While starting a new school year can be an exciting opportunity for a fresh start, it can feel daunting for many. Schools and teachers are busy preparing school buildings for children’s return to in-person education. Parents and caregivers may be coordinating schedules and obtaining any needed school materials for the year. And students may be anticipating reconnecting with friends.
Parents of children with selective mutism (SM) are dealing with the additional stressors of how to prepare their child for a new classroom, new teacher, and potentially new peers or school building altogether. For children who experience anxiety around new people or novel situations, such changes at the start of a new school year can result in a temporary regression or a leap forward in skills depending on a number of factors. Below are our most frequently recommended strategies to help families with selective mutism set the stage for their child’s success in transitioning to a new school year.
***Please keep in mind that every child with selective mutism is unique and may call for more or less support than what is listed below. It is encouraged that you consult with a licensed clinician who specializes in selective mutism to find the best plan for your child’s needs.
- Selective Mutism Training for School Staff. Families who work with us know that a selective mutism training for the key adults in your child’s life is paramount to ensure your child is getting practice speaking in uncomfortable situations. Given the crucial role that teachers and educators play in your child’s life, we always recommend these individuals receive a training in our highly specialized skill set (i.e., Parent Child Interaction Therapy for Selective Mutism or PCIT-SM for short).
A selective mutism training provides psychoeducation about selective mutism and how it can be inadvertently reinforced by very well-intentioned adults in the child’s life. It also reviews the PCIT-SM skillset, including how to warm a child up when they are not yet ready to speak as well as how to effectively prompt a child to speak. This training is typically recommended for classroom teachers, school psychologists/school counselors, other service providers (e.g., occupational therapists, speech and language pathologists), and school administrators; however, any other staff members who are interested in attending are always welcome.
To best set the stage for your child’s success, we recommend this training be completed prior to the start of a new school year when possible. We can facilitate this training with your child’s school in person or online. School districts vary in terms of their ability to participate in a training with licensed clinicians. Our free, online course on SM is a great alternative, providing school staff an opportunity to be trained in PCIT-SM on their own time. You can access Selective Mutism Learning University at https://selectivemutismuniversity.thinkific.com/.
- Teacher Fade-ins. The goal for any child with selective mutism is to be able to speak with the adults and peers in their classroom. The best way to set the stage for success in this area is to ensure that your child is able to respond to their classroom teacher when one-on-one. As such, we recommend parents facilitate a fade-in with your child’s classroom teacher(s) before the first day of school. When possible, conduct this fade-in in your child’s future classroom to get them familiar with their new classroom setting. If going into school before the start of the academic year is not an option, meeting outside the school building at a nearby park or playground or even virtually are good alternatives. Remember to have some of your kiddo’s favorite activities available as you use your PCIT-SM skills to help them engage with their teacher. This fade-in will only be successful if teachers have already been exposed to PCIT-SM. So it is recommended that teachers have either attended an SM training with a clinician or completed SM Learning University before this fade-in.

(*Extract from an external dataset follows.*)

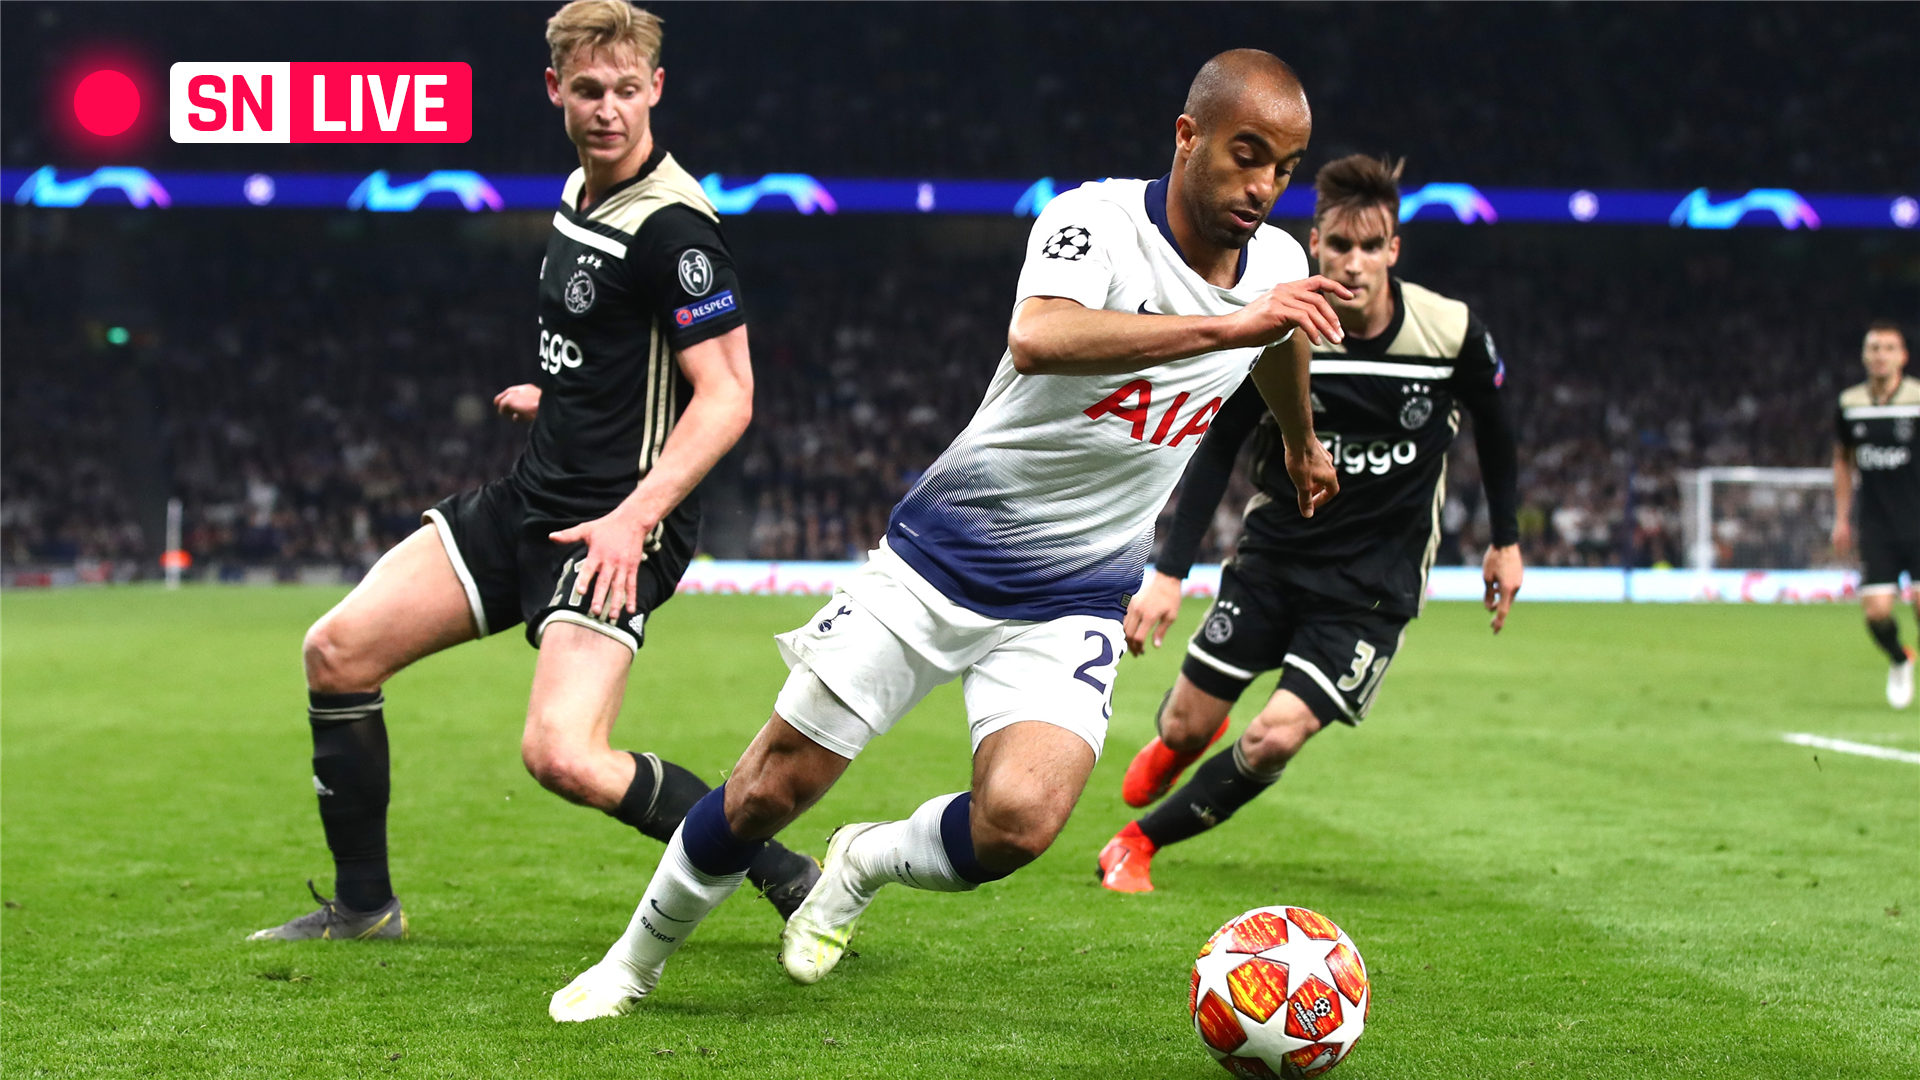 Ajax Vs Tottenham Live Score Updates Highlights From 2019 Champions

- Morning Warm-ups. All children with anxiety benefit from having time to warm-up to new people and situations. This is especially true for children with selective mutism. When needed, we recommend that students with SM receive one-on-one time in the classroom with an adult trained in PCIT-SM to start each school day. This will involve some nonverbal play, which will then transition into verbal play when the child is ready. Some students will be able to do this warm-up with peers nearby, while others may require coming into school early to warm-up in an empty classroom before peers arrive. If possible, it is preferred that classroom teachers or school staff facilitate this warm-up; however, parents can facilitate this too. For kiddos who are ready for an extra challenge, this warm-up can include peers to set the stage for their success in peer interactions for the day.
- School Consultation. While a training in selective mutism will help provide school staff with the foundational knowledge of how to support anxious students in the classroom, it by no means is comprehensive. Questions may come up as teachers begin to implement PCIT-SM in their classroom. That’s where school consultation comes in. Weekly, biweekly, or monthly consultation calls with a licensed clinician is a great way to get individualized guidance on how to utilize your PCIT-SM skills to best support students’ SM needs in the classroom.
- Requesting Individualized Education Program or 504 Plan (when needed). As noted previously, schools vary in terms of their ability to dedicate time and resources to students’ special needs. If you are finding that your attempts to engage your school program in the above-described interventions are unsuccessful, it might be time to formally request your child be evaluated for an Individualized Education Program (IEP) or a 504 plan. Should your child qualify, an IEP or 504 plan will lay out a customized education program with supports and services your child needs to be successful in the classroom. Such an IEP can mandate your child receive any and all of the above-described recommendations by law.